» What to do:
Your answer must be an exact copy of the data, without any pictures.

» Recorded data:
☆ ☆ ☆ ☆
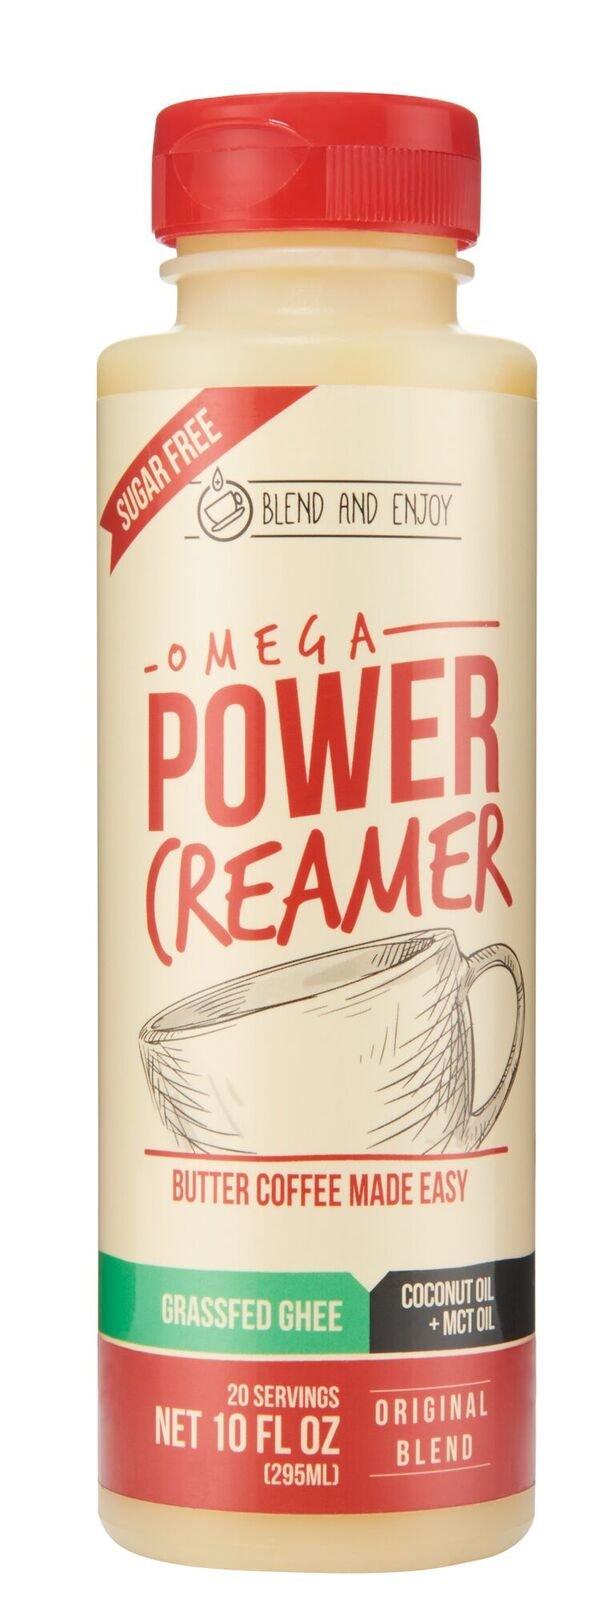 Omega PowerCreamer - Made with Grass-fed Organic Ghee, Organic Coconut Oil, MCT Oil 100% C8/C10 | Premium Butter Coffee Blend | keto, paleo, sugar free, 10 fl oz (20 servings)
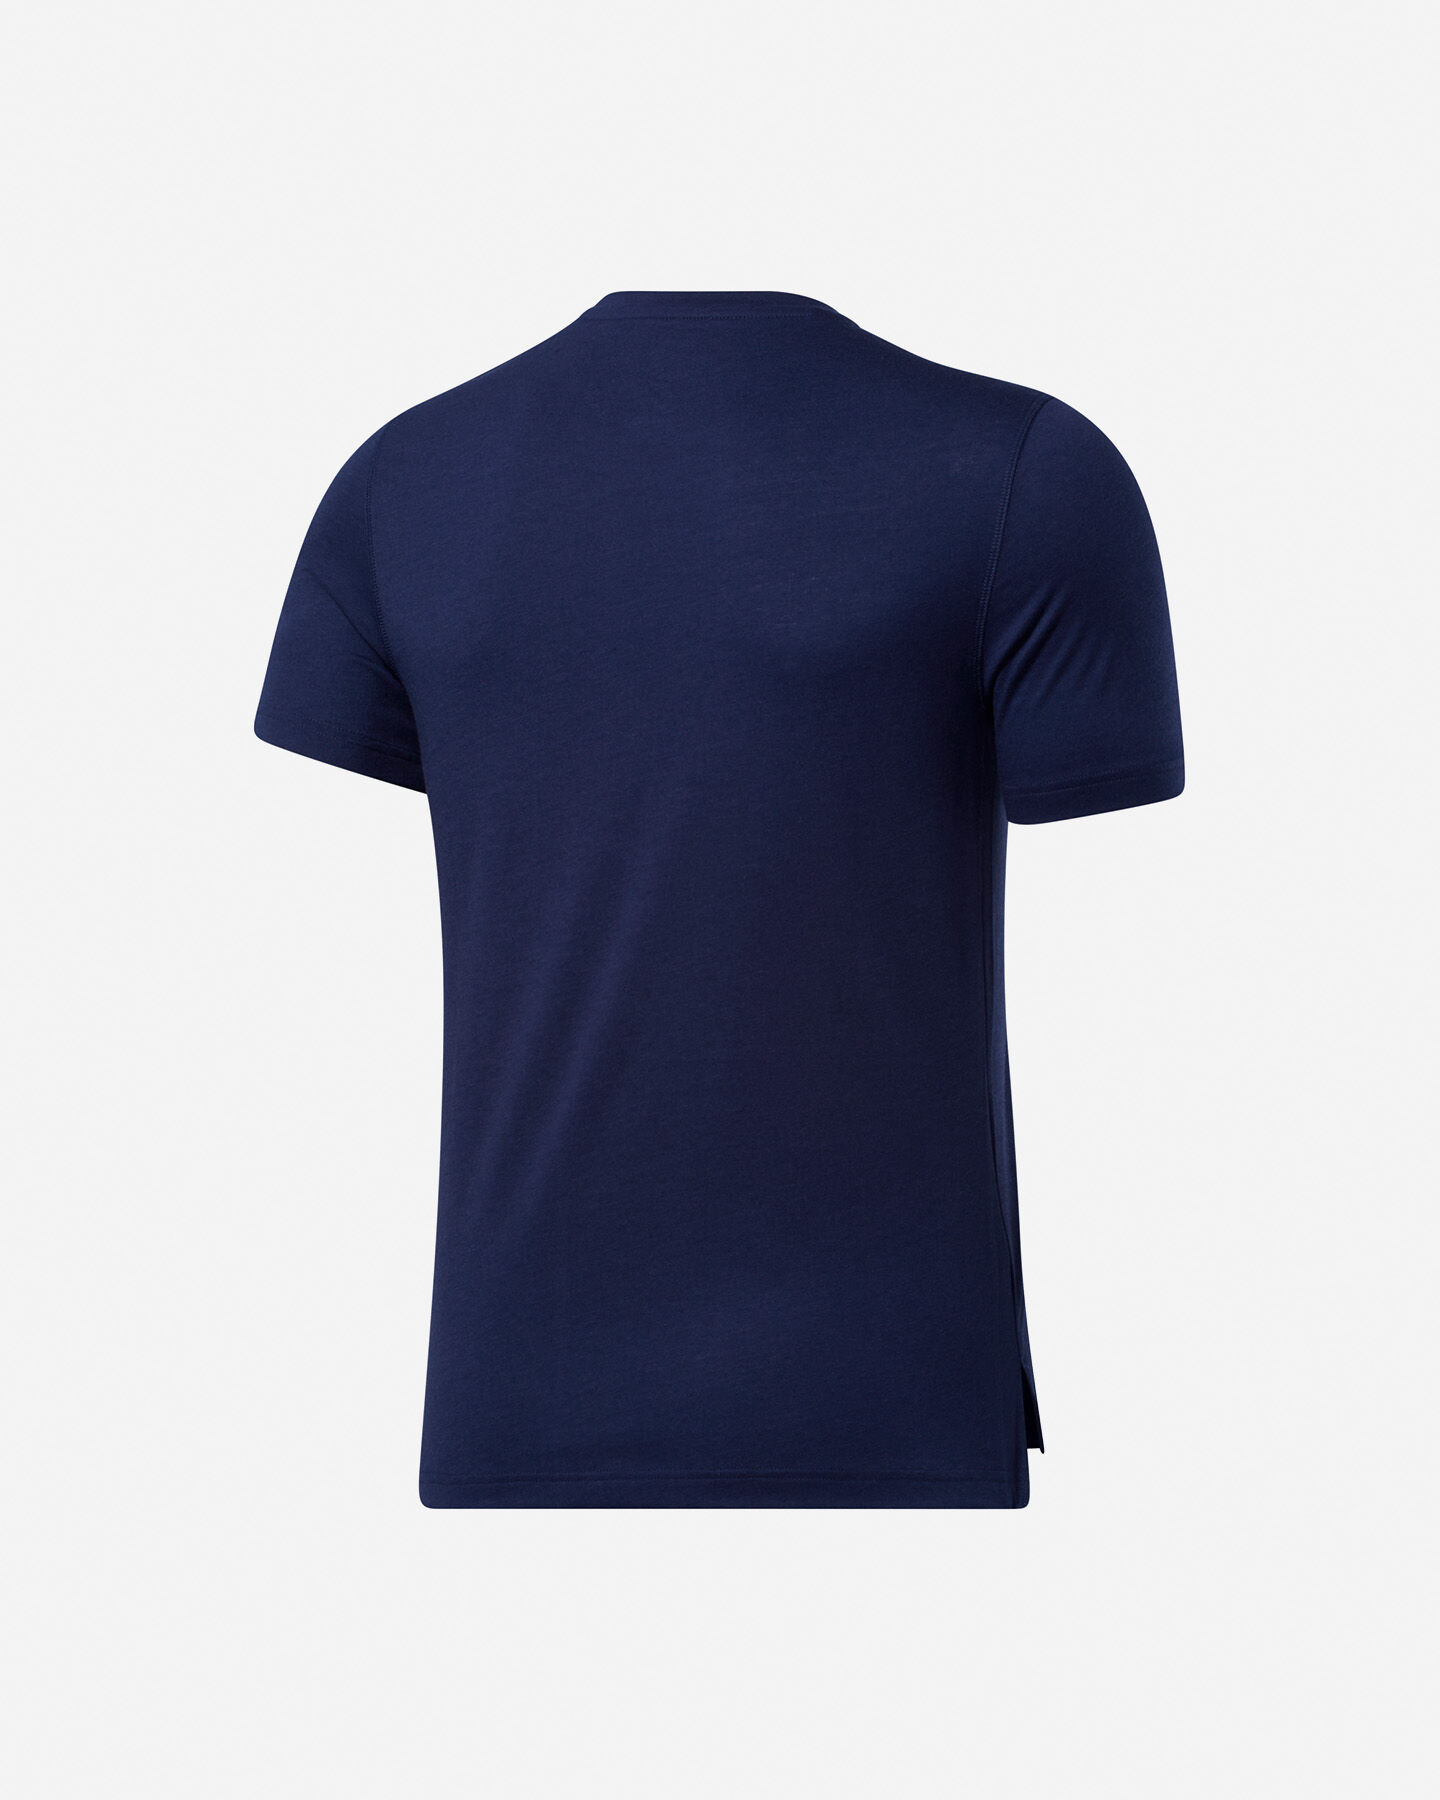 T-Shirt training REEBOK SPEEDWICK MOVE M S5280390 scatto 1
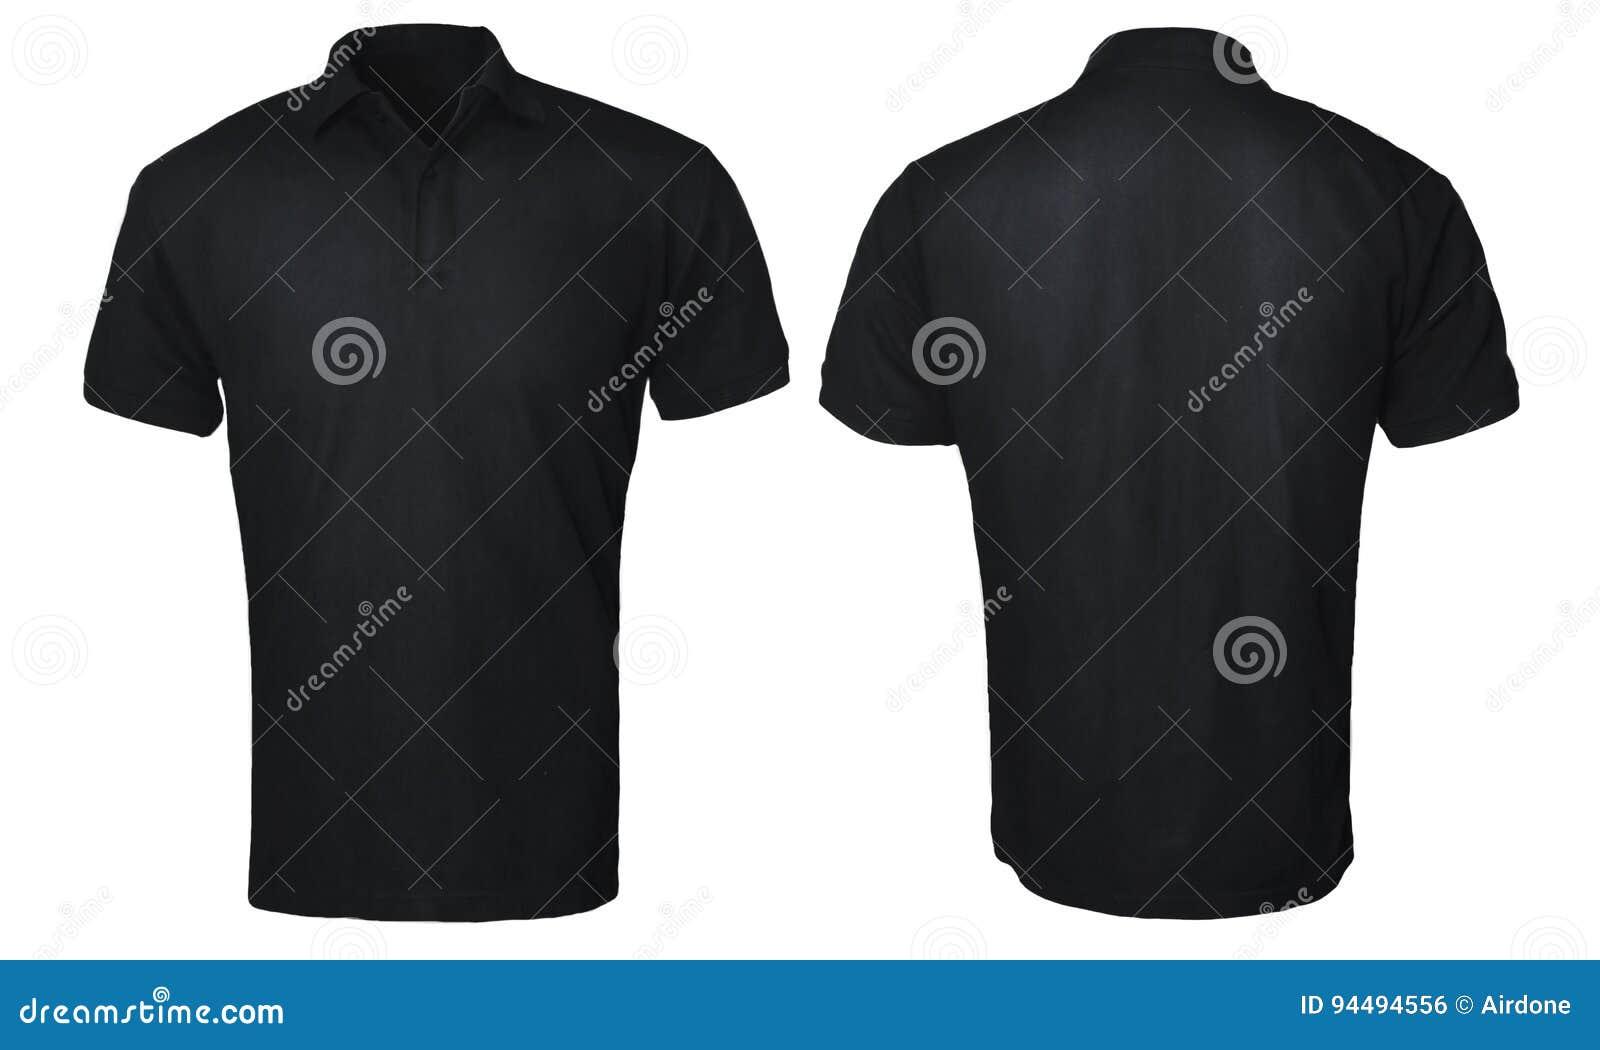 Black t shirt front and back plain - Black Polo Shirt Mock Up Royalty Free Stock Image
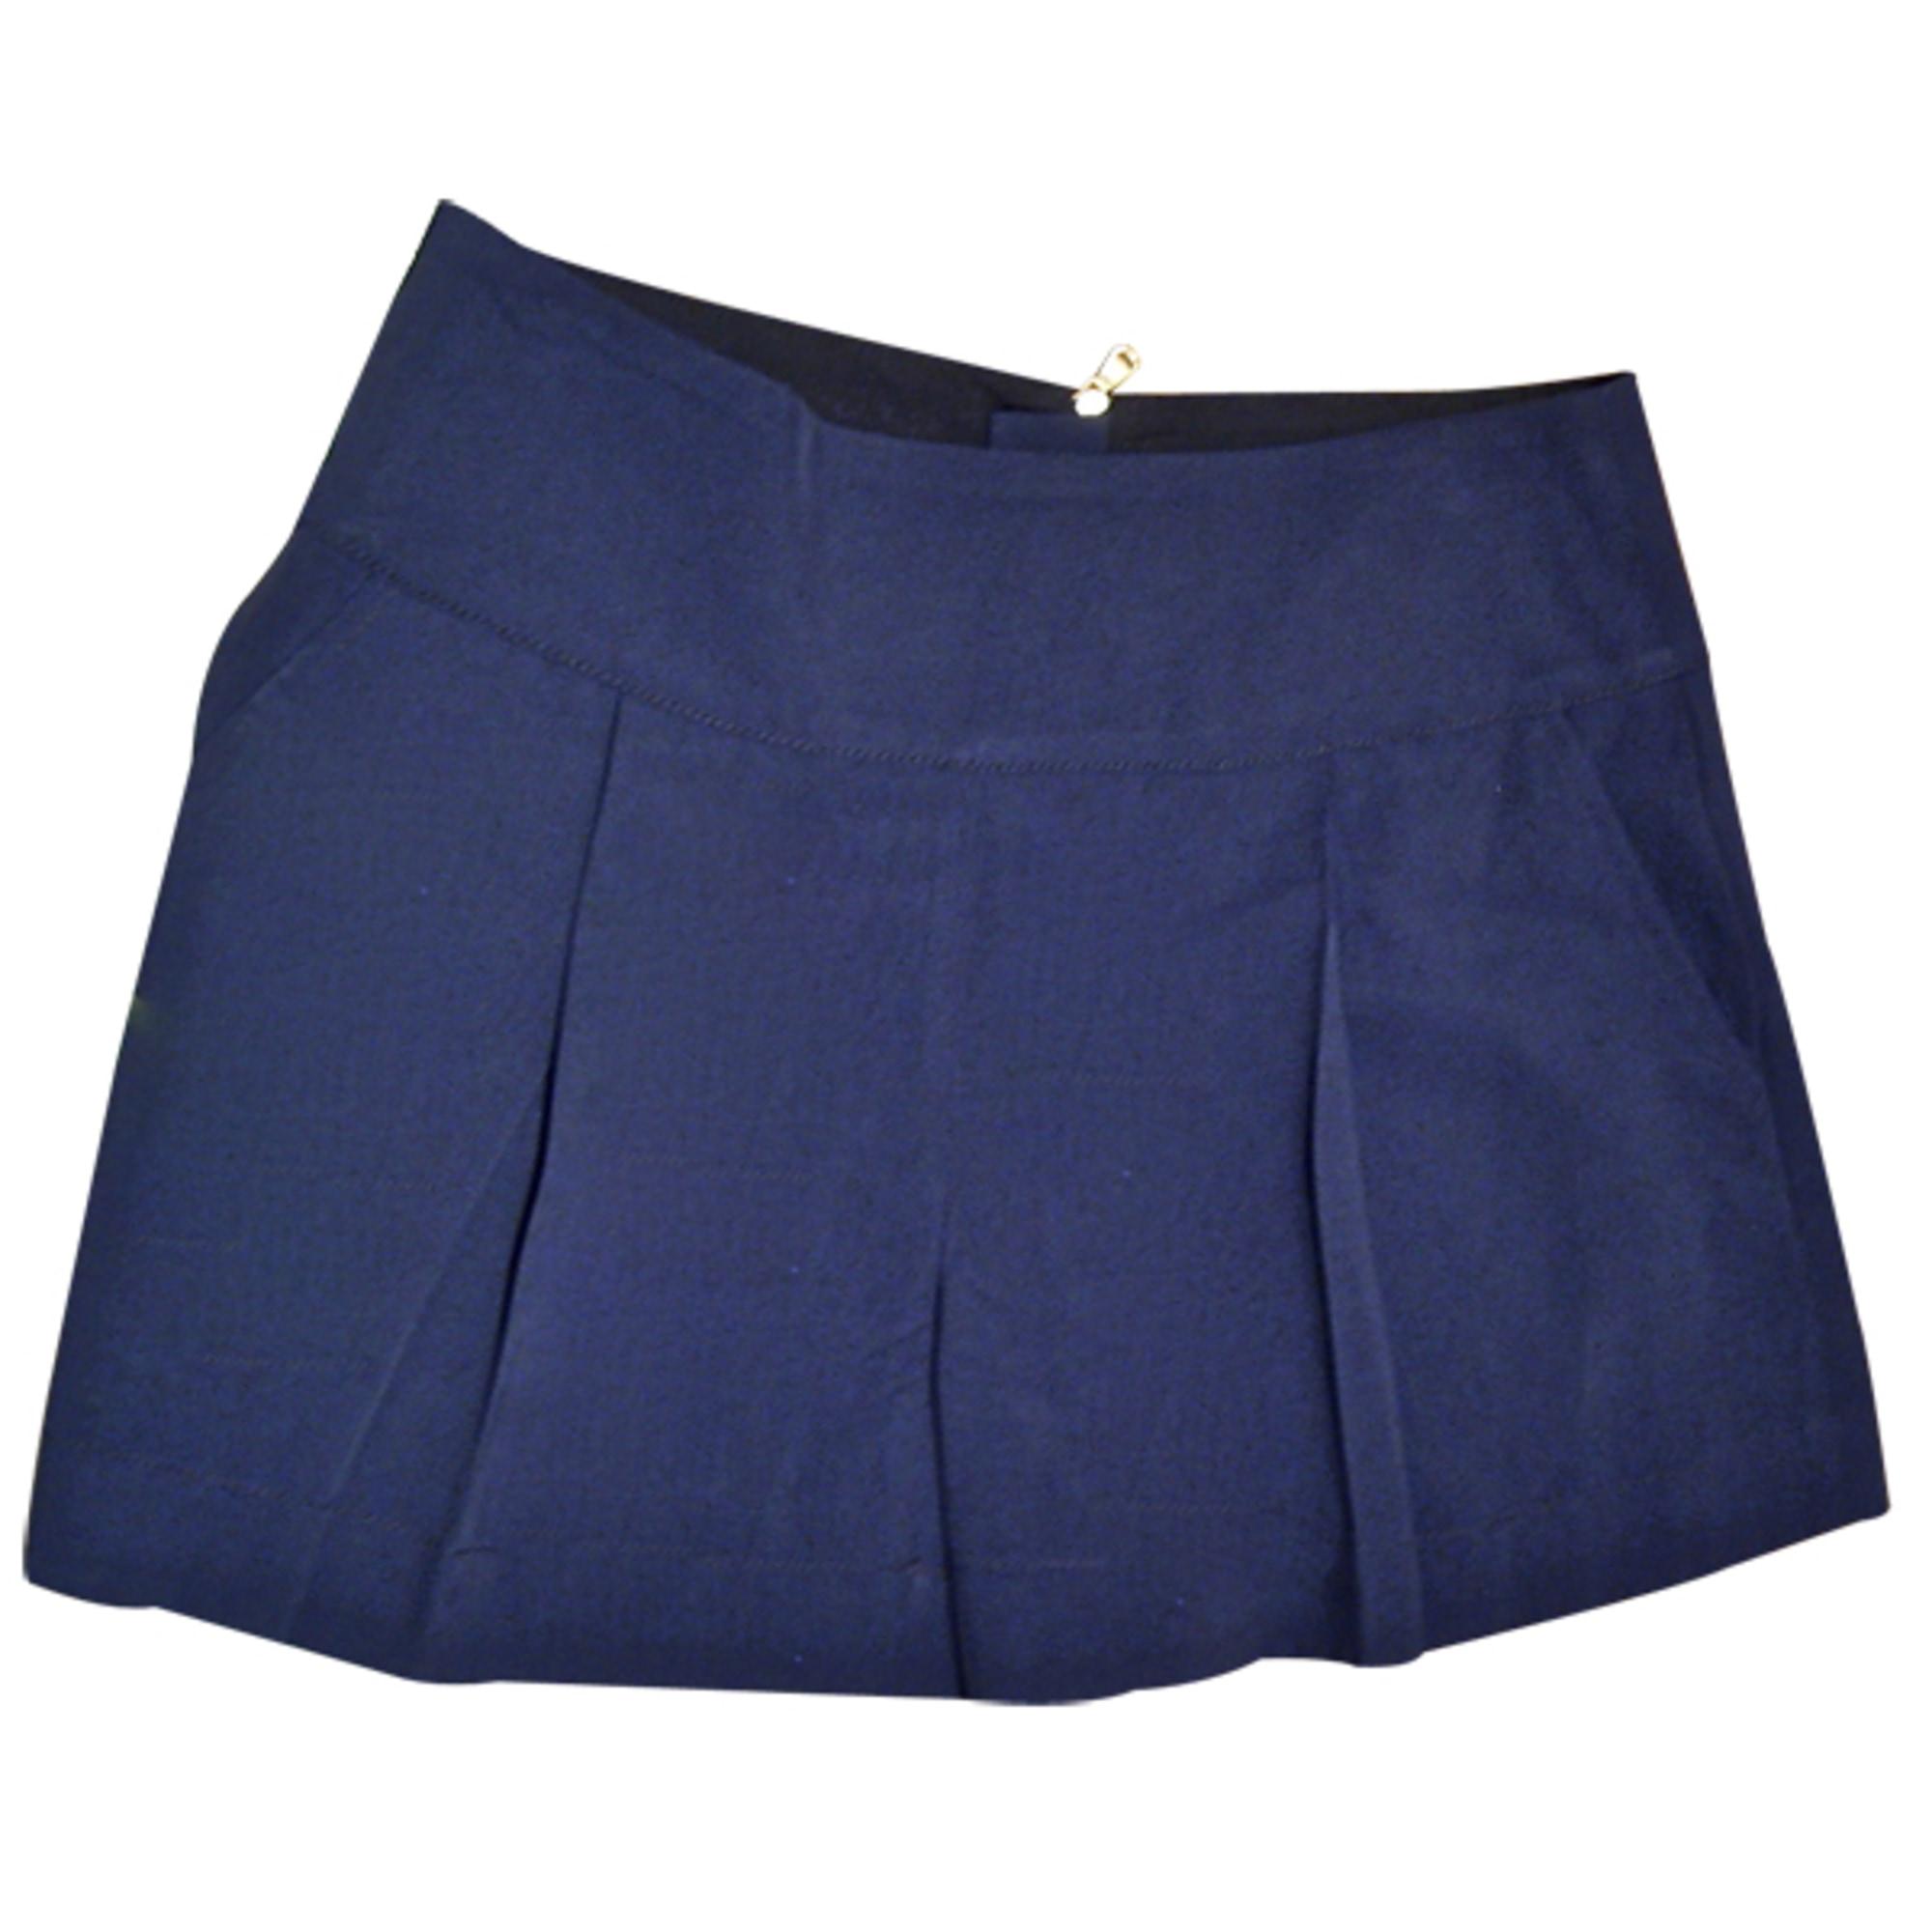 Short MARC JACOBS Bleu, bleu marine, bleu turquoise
☆ ☆ ☆ ☆
» Solution for this task:
 Omega PowerCreamer - Made with Grass-fed Organic Ghee, Organic Coconut Oil, MCT Oil 100% C8/C10 | Premium Butter Coffee Blend | keto, paleo, sugar free, 10 fl oz (20 servings)
 T-Shirt training REEBOK SPEEDWICK MOVE M S5280390 scatto 1
 Black t shirt front and back plain - Black Polo Shirt Mock Up Royalty Free Stock Image
 Short MARC JACOBS Bleu, bleu marine, bleu turquoise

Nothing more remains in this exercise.